In 2013, a district court concluded that the company violated Minnesota's payday lending statutes "many thousands of times" and awarded $7 million in statutory damages and civil penalties to the state. The company appealed to the Supreme Court, arguing that the state payday lending law was unconstitutional when applied to online lenders based in other states.
In Wednesday's opinion by Justice David Stras, the court rejected that argument, holding that Minnesota's payday lending law is constitutional.
"Unlicensed Internet payday lenders charge astronomical interest rates to cash-strapped Minnesota borrowers in contravention of our state payday lending laws. Today's ruling signals to these online lenders that they must abide by state law, just like other "bricks and mortar" lenders must," Swanson said.

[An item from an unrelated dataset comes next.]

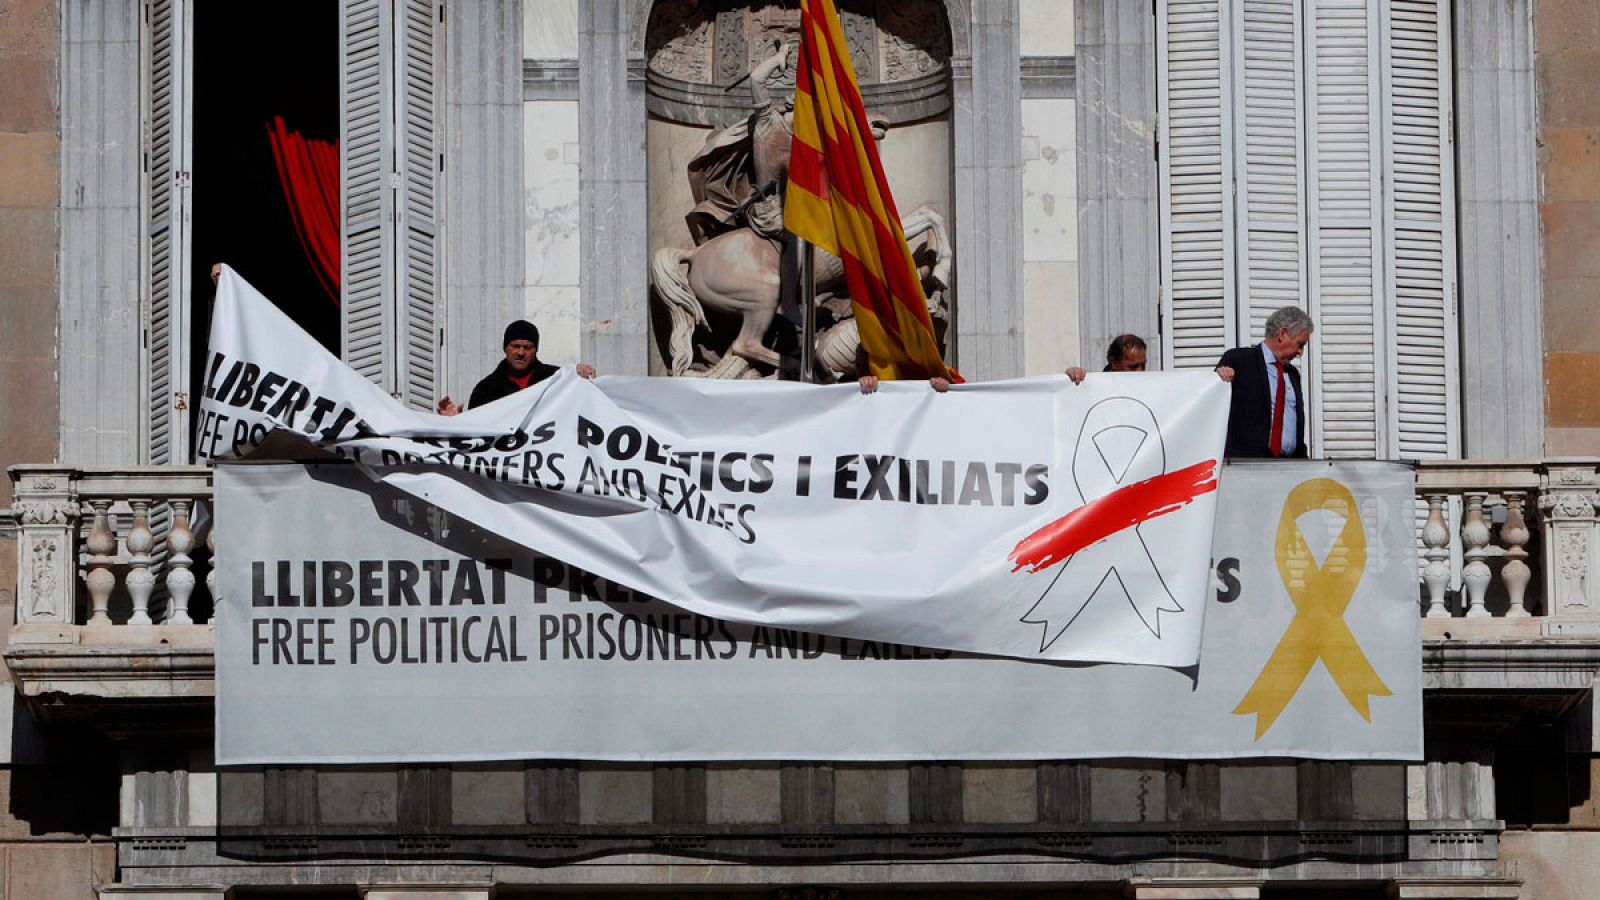 El presidente catalán, Quim Torra, ha tapado la pancarta del lazo amarillo en el Palau de la Generalitat con otra que reivindica la libertad de expresión siguiendo la recomendación del Síndic de Greuges de retirar los lazos amarillos en período elect

The ruling is significant as more commerce moves to the Internet. Minnesota has been a leader in combating online payday lenders, which can charge extremely high interest rates. Swanson has filed eight lawsuits against online lenders since 2010 and has obtained judgments or settlements in all of them.
The benefit of payday loans is that they allow borrowers to pay their basic living expenses in advance of their next paycheck. However, many borrowers rely on the loans as their main source of long-term credit and don't repay them on time, incurring extra charges.
State law requires payday lenders to be licensed with the Minnesota Department of Commerce. It caps the interest rates they may charge and prohibits them from using the proceeds of one payday loan to pay off another.